Image analysis employed an in-house developed MATLAB-based Cardiovascular MR Image Analysis Tool (CVMRI) as previously described (12-15). Epicardial and endocardial contours were traced interactively. The left-ventricle was segmented into anterior, lateral, posterior, and septal regions. Myocardial centerline was determined by connecting the mid-points of the radial cords intersecting the epicardial and endocardial contours. Sub-endorcardial and sub-epicardial regions were defined as the myocardium between the endocardial border and centerline, and that between the centerline and epicardial border, respectively.

Strain Computation

The 2D Lagrangian strain tensor was calculated from the relationship

E = \frac{1}{2} (F^{T} F - I)

where $F = \frac{\partial y}{\partial q} = {(\frac{\partial q}{\partial y})}^{- 1}$ is the 2D displacement field, and I is the identity matrix. The displacement field, F, was quantified directly from the spatial derivatives of the composite HARP images based on the method described previously (11). The Lagrangian strain tensor was further diagonalized to yield two principal strains (E₁ and E₂), with E₁ and E₂ being the maximal and minimal strains, respectively. The strain tensor was also transformed to a local myocardial coordinate system defined by the radial (r) and circumferential (c) directions, yielding radial (E_rr), circumferential (E_cc), and shear (E_rc) strains.

Statistics

All measurements are presented as mean±SD. Mean values of myocardial strains in sub-endocardial and sub-epicardial regions were compared by paired student's t-test. Mean values of peak systolic strains in septal, anterior, lateral, and posterior segments were compared separately by one-way ANOVA. If there were statistical differences, multiple pairwise comparisons were performed using Tukey's test. P values less than 0.05 were considered statistically significant.

Results

Global Functional Indexes

The animals had a mean heart rate of 412±62 bpm during the MRI study. LV volumes were 34.8±7.3 μl at end-diastole and 14.0±3.5 μl at end-systole. Mean ejection fraction was 59.9±4.3%.

HARP Analysis

We first attempted to extract the second-order harmonic peaks directly from the composite images with high tagging resolution for strain quantification. The k-space image of such a composite image is shown in Figure 2a. The second-order harmonic peaks were of reduced intensity comparing with other peaks. In addition, there was severe interference from adjacent first-order harmonic peaks. As a result, there were obvious inaccuracies and artifacts in the corresponding HARP image and the synthetic taglines generated from the extracted second-order harmonic peaks, as well as in the calculated strain maps (Figure 2b-e).

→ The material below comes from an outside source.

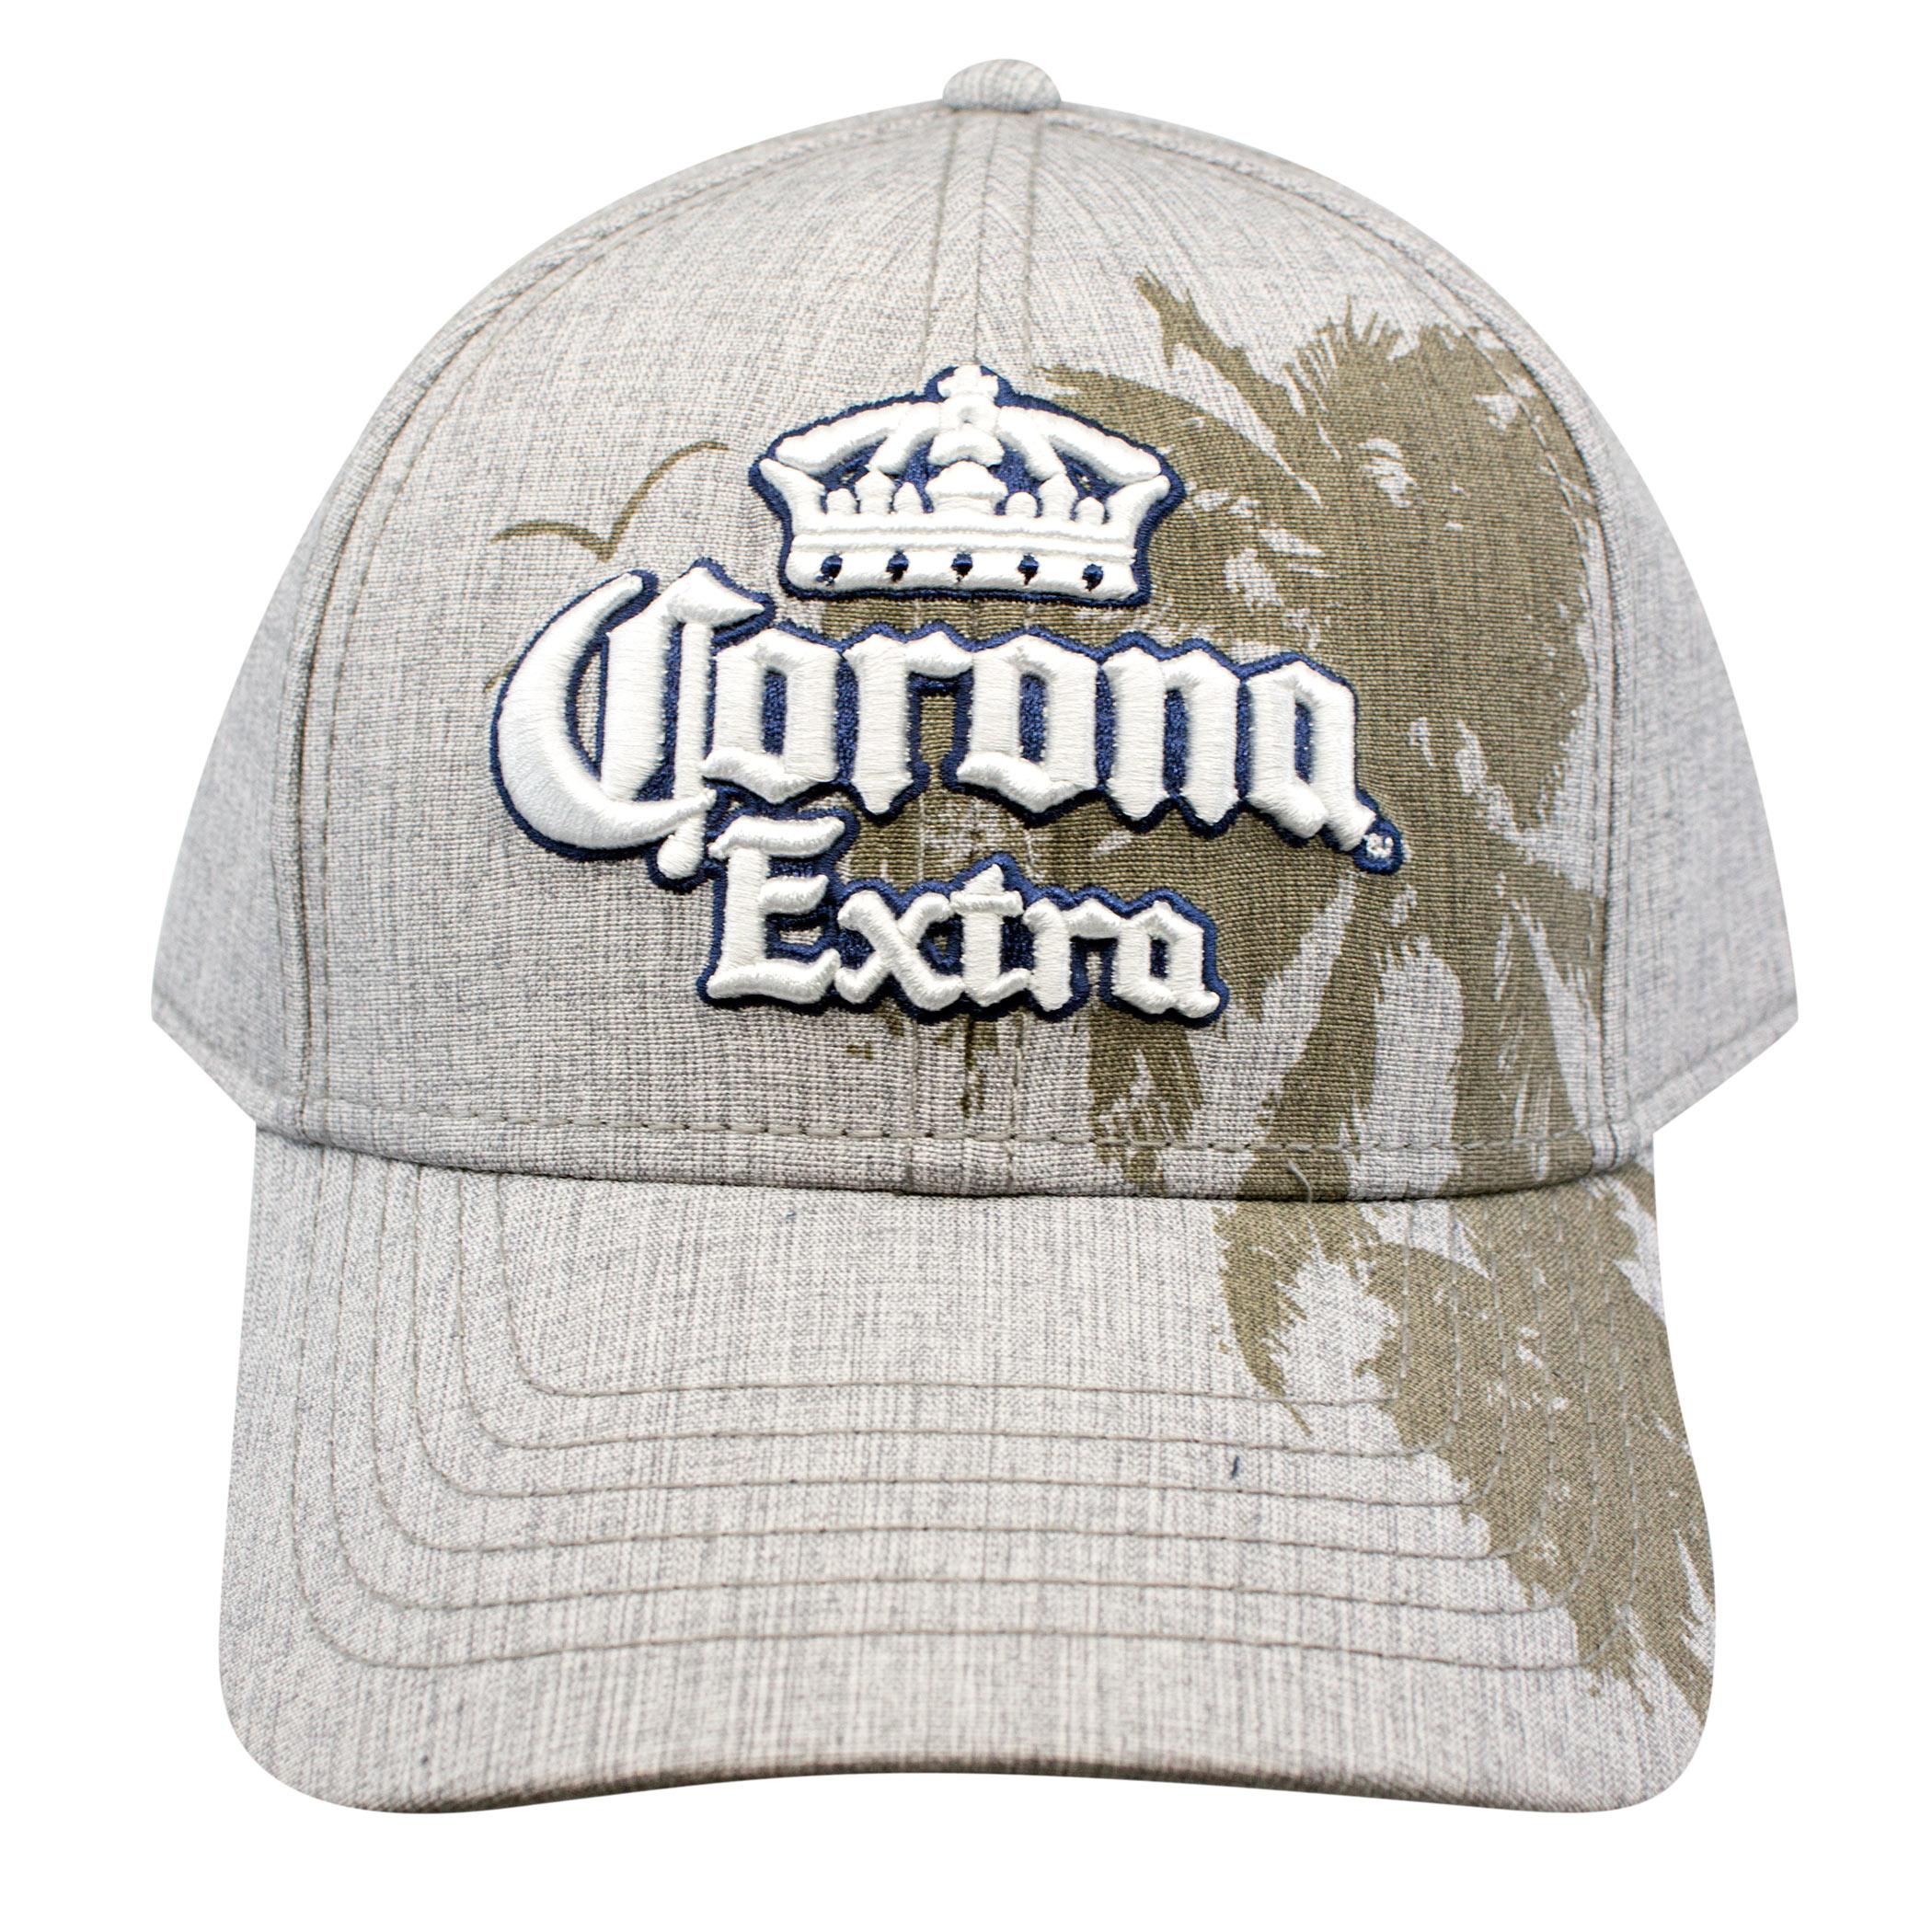 Corona Extra Tan Palm Trees Snapback Hat

**a&e**. k-space images of a composite image with high tagging resolution and an original image with low tagging resolution, respectively. Yellow circles show the band-pass filter for harmonic peak extraction. **b-d**. representative HARP image, tag tracing, and E₂ strain map generated by extracting the second-order harmonic peak in **a. f-h**. representative composite HARP image, tag tracing, and E₂ strain map generated by extracting the first-order harmonic peaks from the original images of low tagging resolution. Arrows indicate artifacts and inaccuracies in tagline tracing and strain calculation.

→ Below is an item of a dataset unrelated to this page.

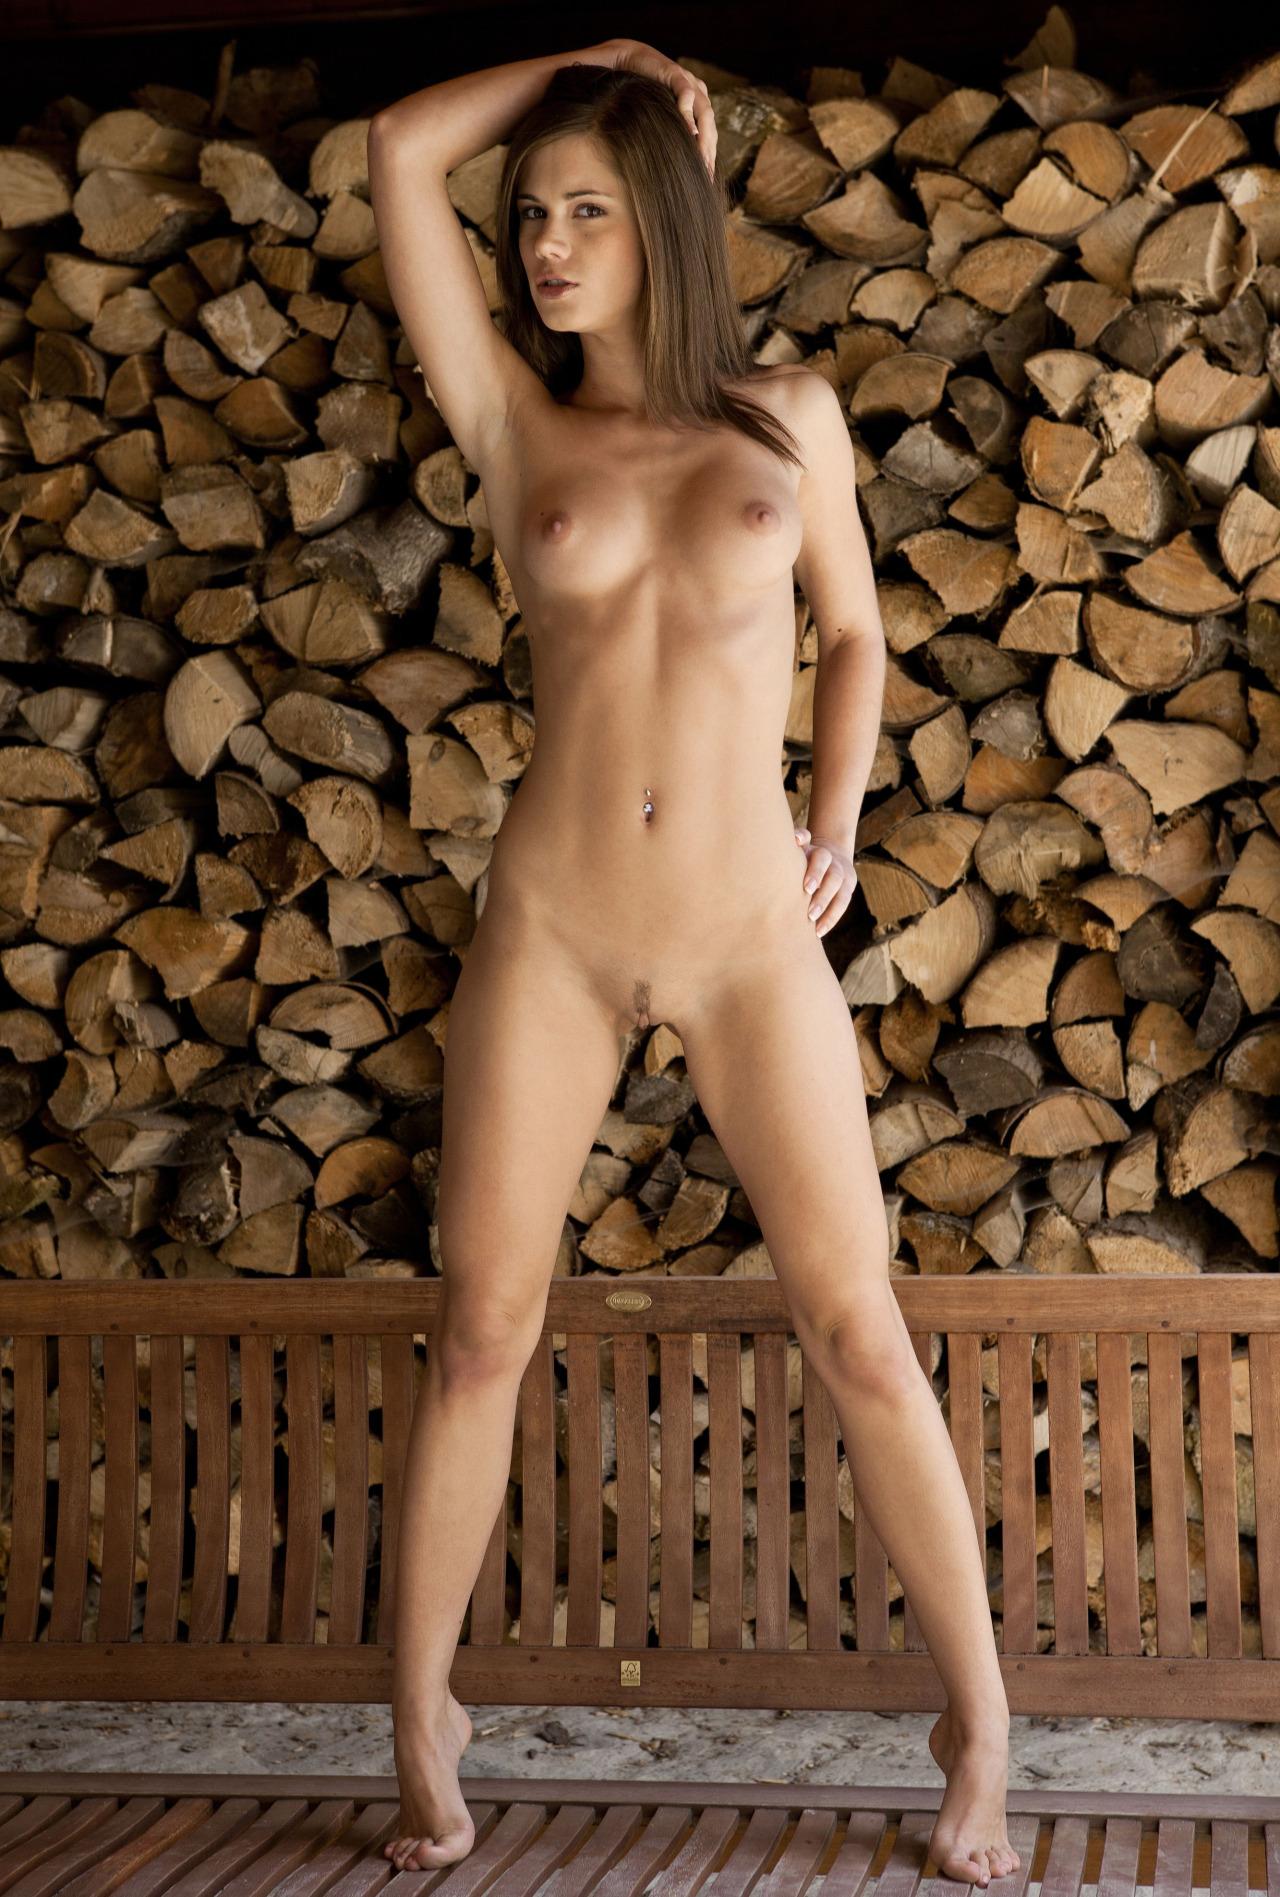 Femme veut rencontre cpl candauliste avec coquin mature séduisant à prendre dans toutes les positions

Alternatively, we extracted individual first-order harmonic peaks from the original tagged images with low tagging resolution (Figure 2e). These harmonic peaks were subject to less interference from the adjacent DC peaks. Tagline tracing and strain quantification based on these composite HARP images yielded improved accuracy with less artifacts (Figure 2f-h).

The proposed method also showed improved accuracy and robustness compared to results of HARP analysis using individual low-resolution images. As shown in Figure 3, one of the low-resolution images showed severe distortions in its HARP image and consequent artifacts in strain map (Figure 3b&e). These distortions typically occurred at the locations of phase wrapping. Since the other low-resolution image shifted the phase by π/2, the artifacts associated with phase disruption became less pronounced in the composite high-resolution image (Figure 3c&f).

Comparison of HARP images and circumferential strain maps from low-resolution SPAMM11 tagging (**a&d**), SPAMM11̄ tagging (**b&e**), and composite high-resolution tagging (**c&f**) at peak systole. Arrows indicate phase discontinuity (b) and artifacts in strain map (e). The artifacts are attenuated in high-resolution strain map (f).

Principal Strains

Principal strains (E₁ and E₂) at peak systole are shown in Figure 4. E₁, an index of radial wall thickening, was positive, while E₂, an index of circumferential shortening, was of negative values. With the exception of posterior segment, sub-endocardial E₁ strain was significantly larger compared to that in the sub-epicardial region (P<0.05). Both sub-endocardial and sub-epicardial regions demonstrated significant regional heterogeneity with a larger E₁ strain at the anterior and lateral segments (P<0.05).

E₂ strain in sub-endocardium was 27% to 45% larger in magnitude than that in sub-epicardium in all four segments (P<0.05). There was no significant regional difference in E₂ strain at sub-epicardium. Sub-epicardium exhibited more regional heterogeneity, with anterior E₂ strain being the largest in magnitude (P<0.05).

The prime angle, i.e., the angle between the primary eigenvector and the radial direction, was also calculated (Figure 4c). Average prime angles at sub-epicardial and sub-endocardial regions were 15.6±5.0° and 15.1±4.6°, respectively. Average prime angle was within 20° in all four segments. Smallest prime angle occurred in the lateral region (P<0.05). With the exception of septum, there was no significant difference between sub-endocardium and sub-epicardium.

Normal Strains

Radial and circumferential strains were calculated after transformation of strain tensor to the local myocardial coordinate system (Figure 5). Similar to E₁ and E₂ strains, radial strain was positive and heterogeneous (P<0.05), while circumferential strain was negative and more uniform. With the exception of radial strain in posterior wall, sub-endocardial radial and circumferential strains were all significantly larger in magnitude than those in sub-epicardial region (P<0.05). Lateral region exhibited the largest radial strain in both sub-endocardial and sub-epicardial regions (P<0.05).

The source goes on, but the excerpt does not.